Exercise data
_____
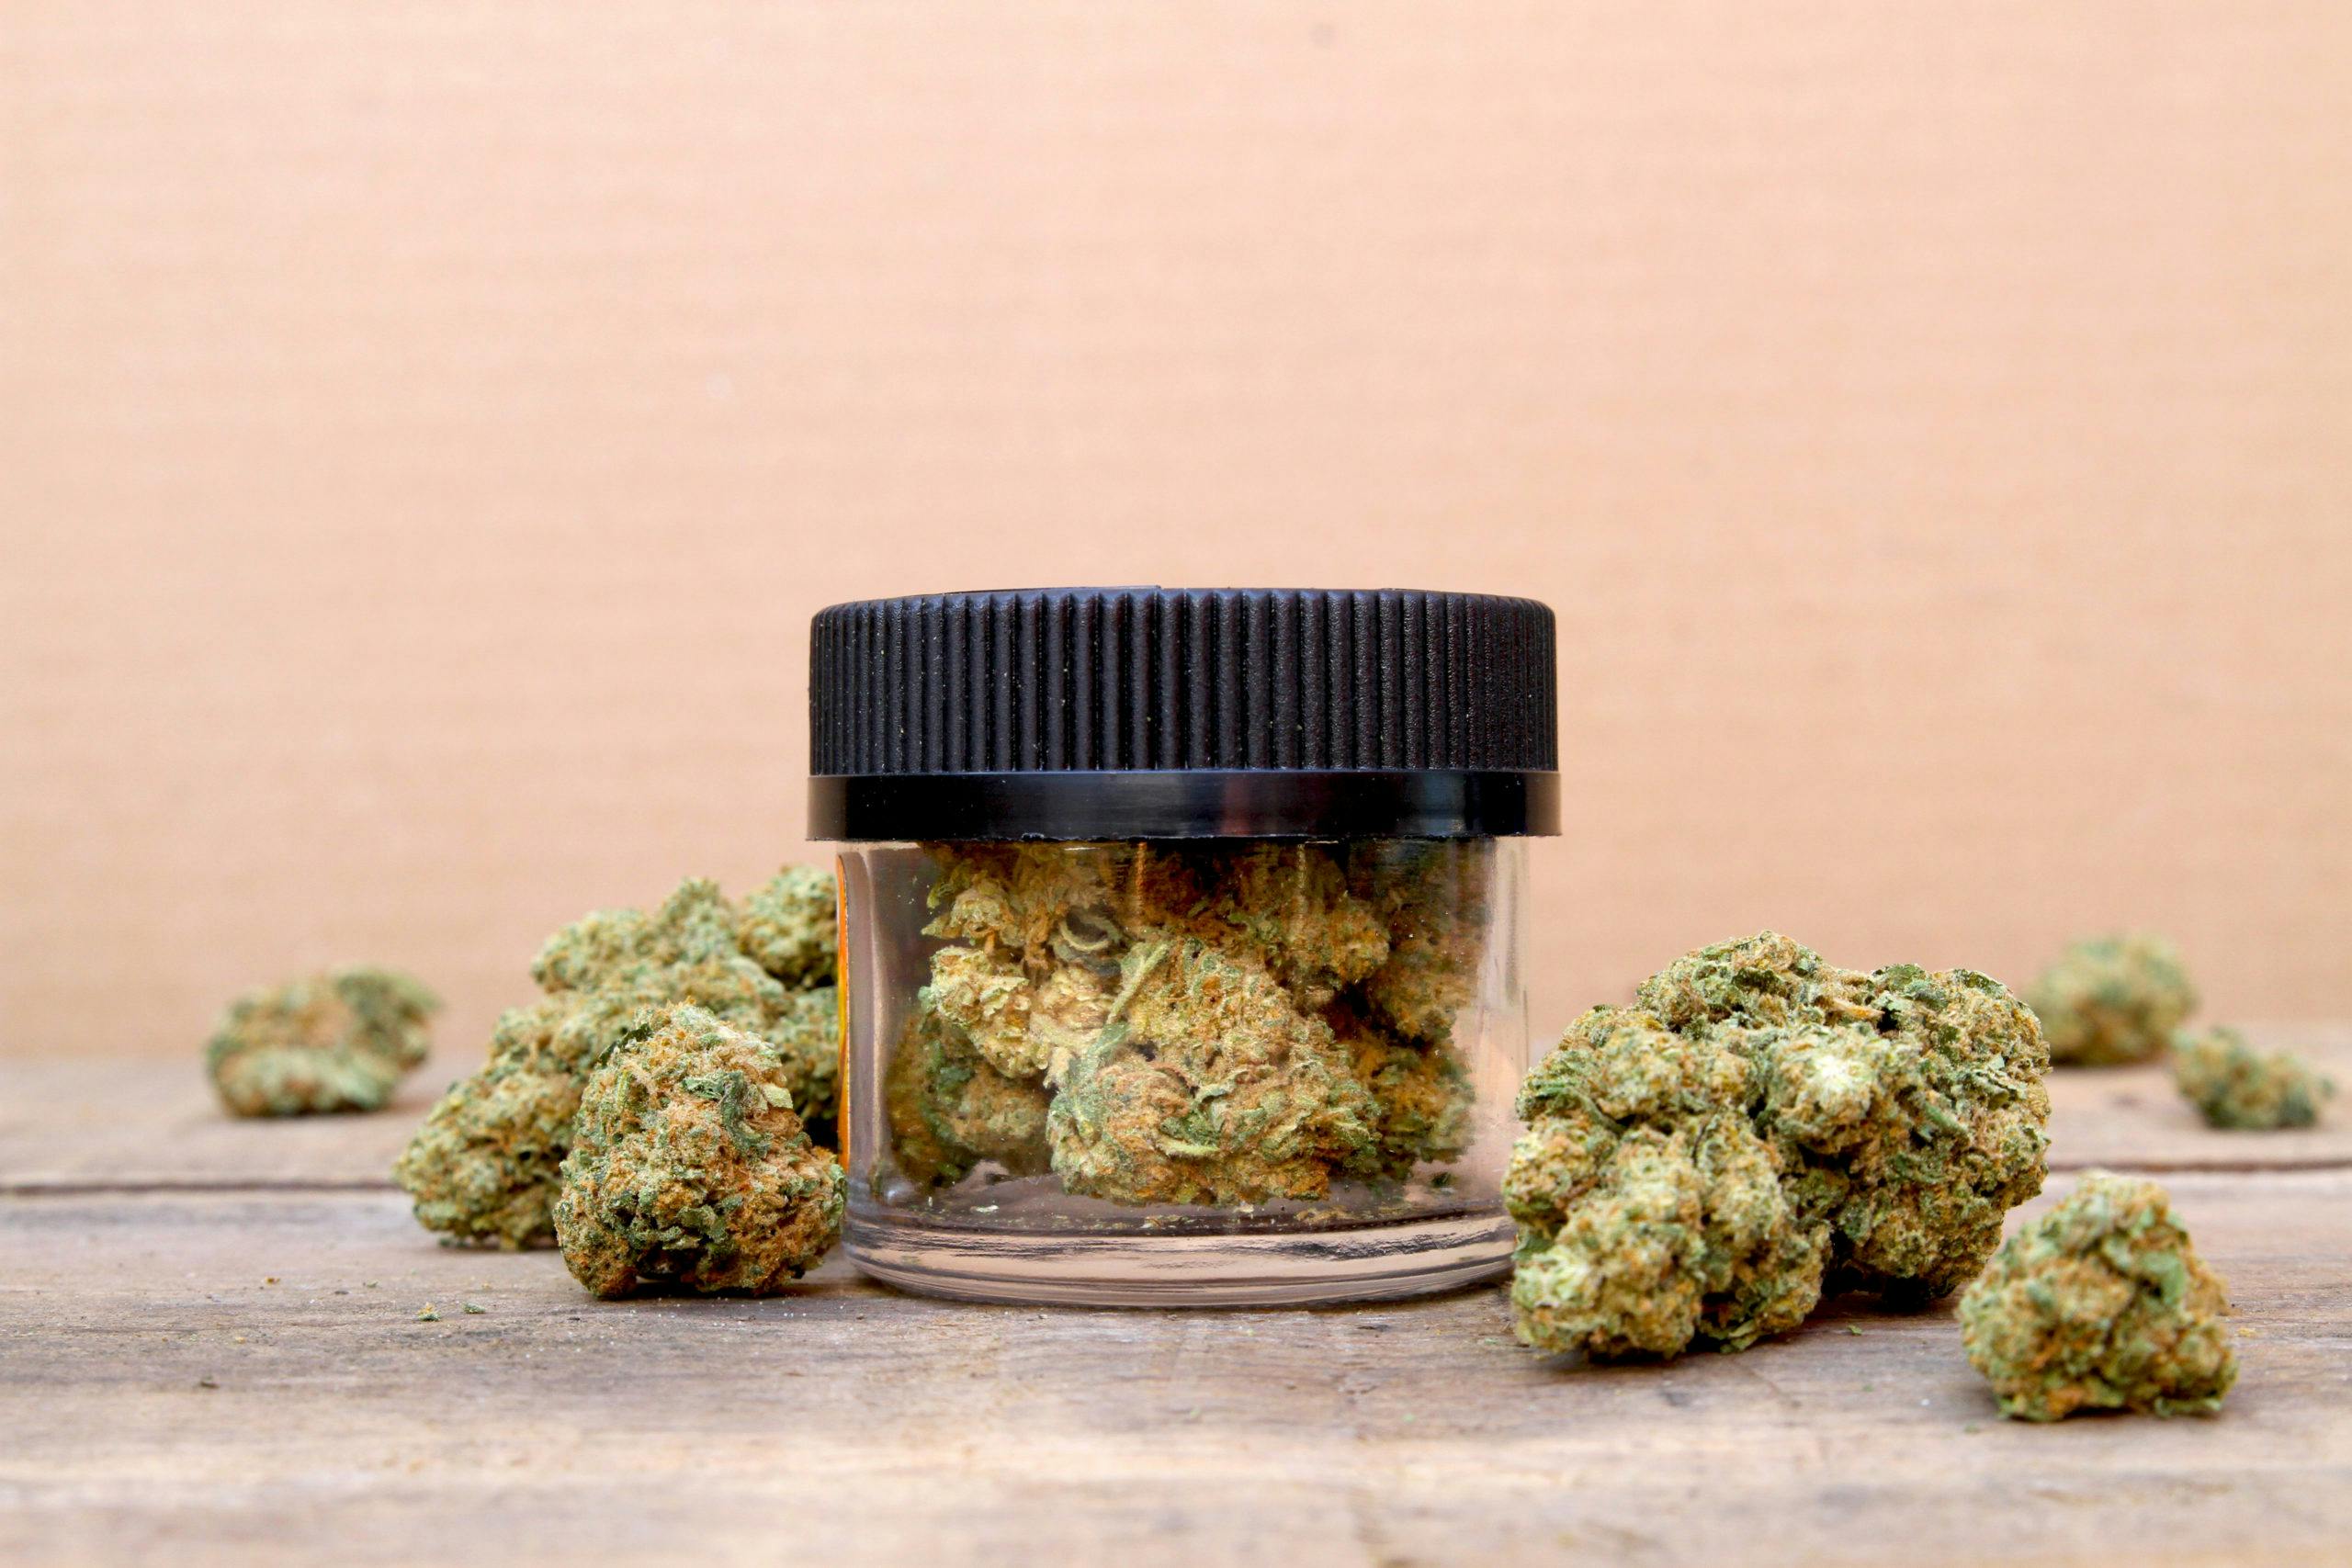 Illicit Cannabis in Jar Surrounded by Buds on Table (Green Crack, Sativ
_____
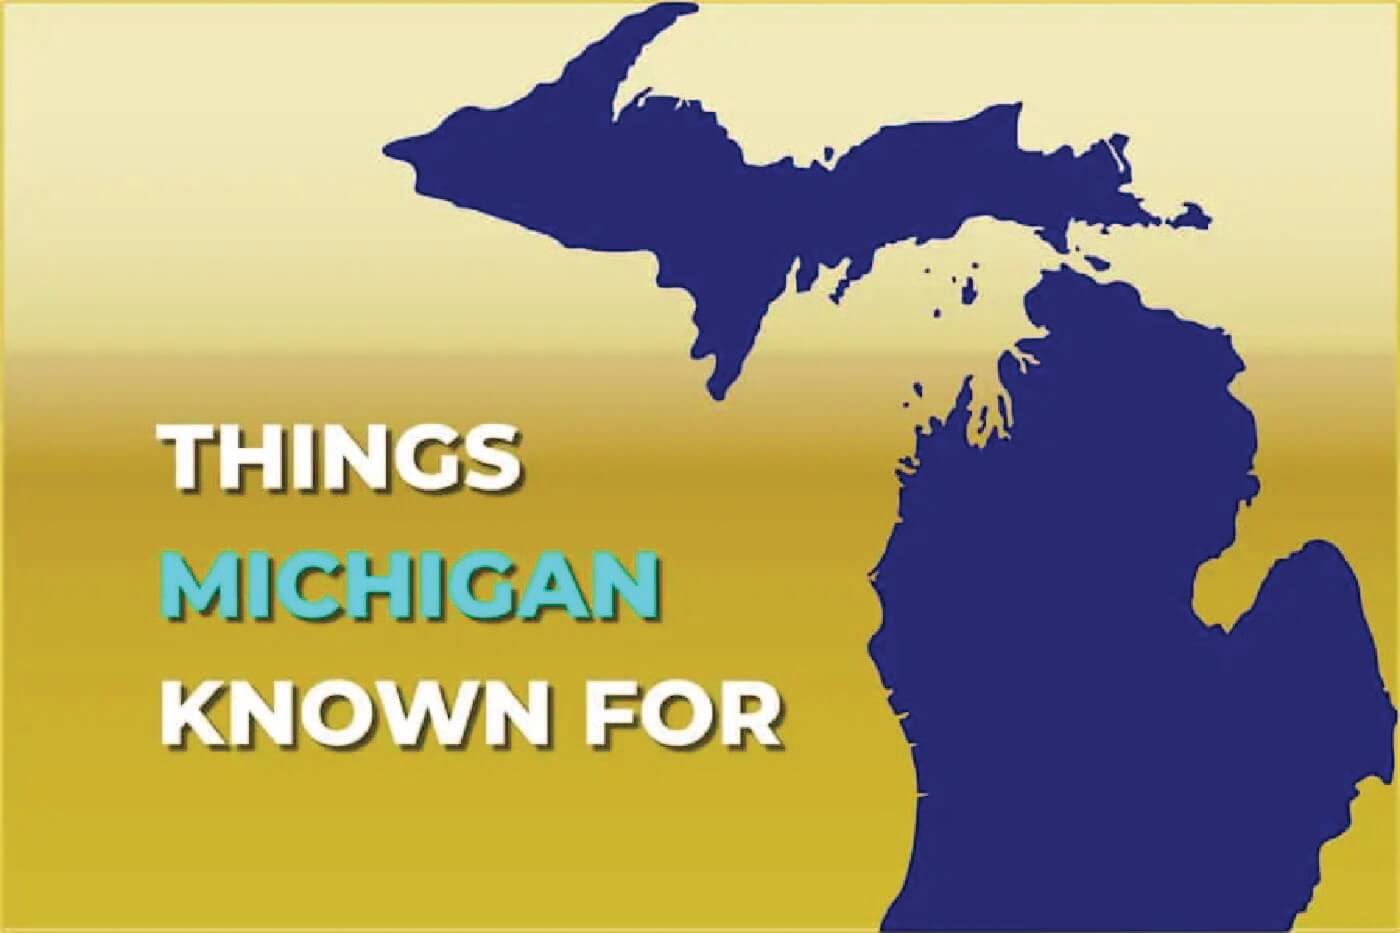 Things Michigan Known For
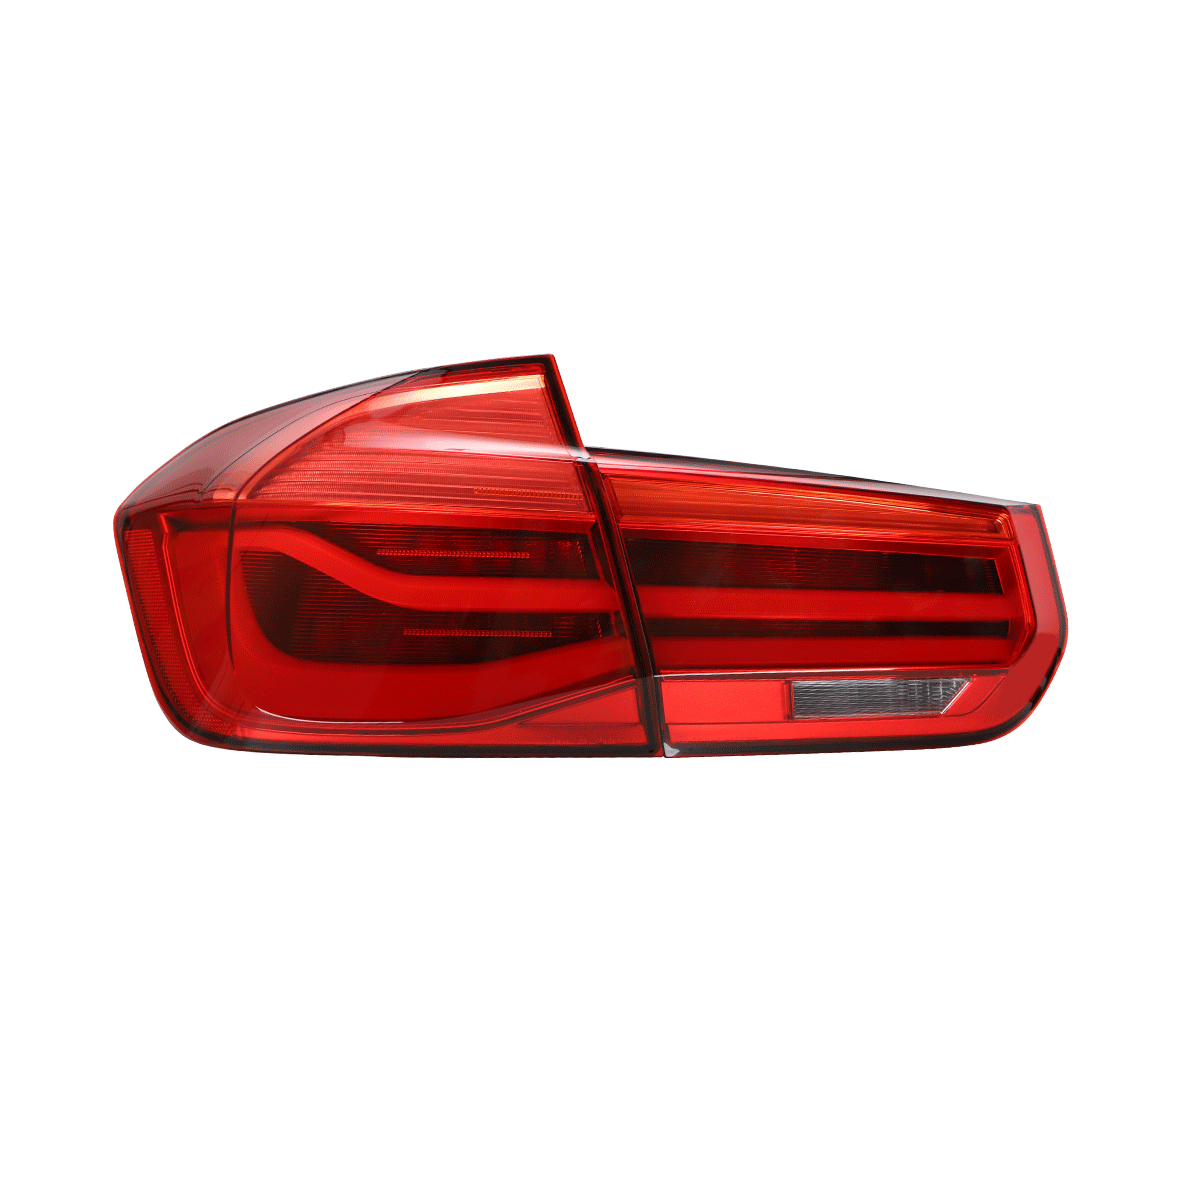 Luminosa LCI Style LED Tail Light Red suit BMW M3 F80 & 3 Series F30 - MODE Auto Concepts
_____
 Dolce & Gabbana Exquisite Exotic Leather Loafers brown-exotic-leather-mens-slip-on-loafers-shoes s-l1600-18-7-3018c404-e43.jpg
_____
How to complete this task
In the records above, find the line containing "Things Michigan Known For" and the line containing "Luminosa LCI Style", then give both of them again word for word along with every line between. Omit any pictures.

The completed task
 Things Michigan Known For
 Luminosa LCI Style LED Tail Light Red suit BMW M3 F80 & 3 Series F30 - MODE Auto Concepts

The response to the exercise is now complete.